Programmable SOC devices can be used not only as a unified circuit board system for motor control, analog measurement, and direct drive LCD displays for electric bicycle applications, but also to support capacitive sensing technology to replace mechanical buttons on the keyboard. In addition, SOC devices can use internal PWM, MUX, and comparators to drive and control three-phase motors, internal ADC and PGA to support sensor input battery monitoring, and temperature sensing devices such as thermistors or RTDs for temperature sensing. The device not only directly drives the relay to support brake lights, headlights and turn signals, but also directly drives the LCD display to display temperature, battery status, speed, ride distance and various error/warning messages.

Using IDE-based tools, you can design a variety of interfaces and logic for SoCs. These tools also provide directly available component modules for designing more complex logic such as capacitive sensors for monitoring interfaces, ADCs that support analog sensors and other inputs, PWMs, DACs that drive buzzers, and segments, characters. Or a graphical LCD display, etc. Therefore, with the programmable SOC, the development and production cost of the electric bicycle system can be greatly reduced.

Figure 1 shows a block diagram of a basic electric bicycle system:

1.jpg

Figure 1: Block diagram of an electric bicycle

Microcontrollers: Microcontrollers are commonly used for different sensor input detection (eg throttle input, temperature sensor, battery input, fuel sensor, barrier sensor, etc.), analog to digital conversion, output comparison components, etc., and can be driven and controlled. No brush motor. Battery-powered electric bicycle systems require ultra-low power microcontrollers. In addition, the microcontroller is part of a central locking system that can be used to communicate with a variety of different external devices used in vehicles. Whenever braking, the microcontroller can be used to automatically stop the motor from rotating, thus avoiding the motor wearing brake pads faster than standard human bicycles.

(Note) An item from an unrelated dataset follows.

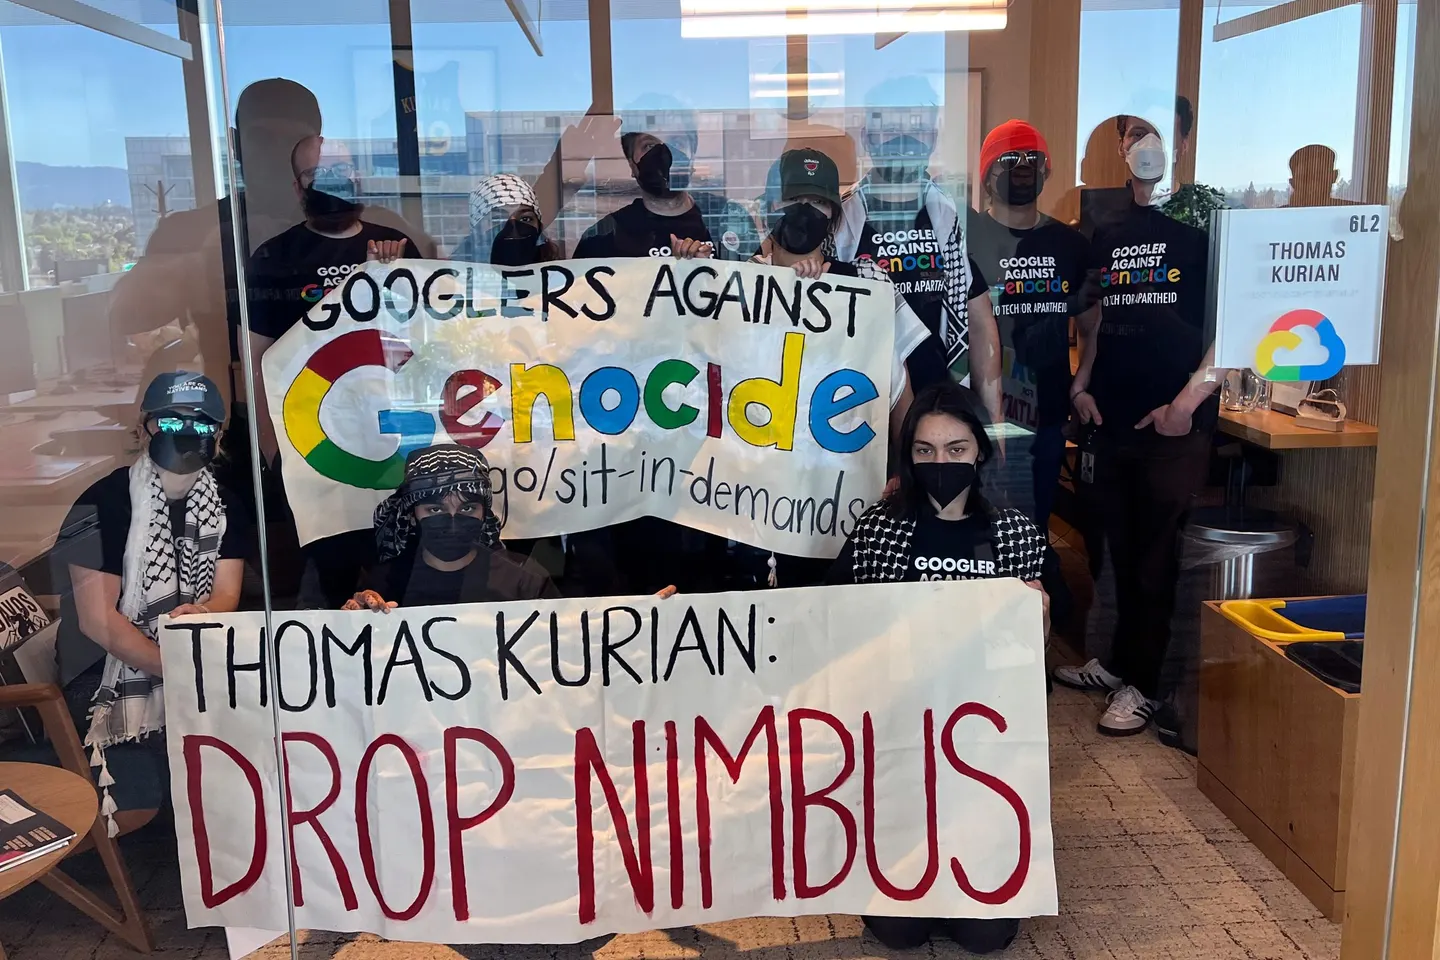 El 16 de abril, los empleados de Google organizaron una sentada en la oficina de Sunnyvale, California, del presidente de Google Cloud, Thomas Kurian, por el Proyecto Nimbus, el contrato de nube de mil millones de dólares de la compañía con el gobierno israelí. CAMPAÑA NO A LA TECNOLOGÍA PARA EL APARTHEID

Hub Motor: Normally, brushless motors can be used for efficient and reliable operation, with or without sensors (based on Hall effect).

Rechargeable lead-acid/lithium-ion batteries: Electric bicycle applications range from lead-acid batteries to lithium-ion batteries. Among them, rechargeable lead-acid batteries are widely used in electric vehicles.

Display and keyboard: In general, the LCD display with backlight can display temperature, battery input, speed, riding distance and error/warning messages, as well as the level of the pedal assist system and energy generation. . Electric car applications also use a keyboard based on mechanical buttons, and the keyboard can also support the anti-theft function of electric vehicles.

Power Management: This subsystem provides power to the operation of each functional module and monitors battery operation. A host microcontroller with comparators and discrete logic can be used to manage lead-acid batteries. In addition, this approach provides microcontrollers and users with safety and critical information about the battery.

principle

Current electric bicycle systems use 16-bit and 32-bit microcontrollers. The microcontroller controls and manages all the functions and features of the vehicle. Once the user turns on the ignition switch and starts the electric bicycle, the microcontroller can obtain input to start the three-phase brushless motor. The microcontroller can receive various vehicle input signals from the user and perform corresponding manipulations on the vehicle. The microcontroller drives the three-phase brushless motor at a speed selected by the user. The speed of the motor can be varied and controlled based on the user's acceleration and brake sensor inputs.

The microcontroller uses an internal or external serial EEPROM (I2C/SPI type) to store data such as distance readings. In addition, the microcontroller uses a real-time clock (RTC) to display accurate time on the display.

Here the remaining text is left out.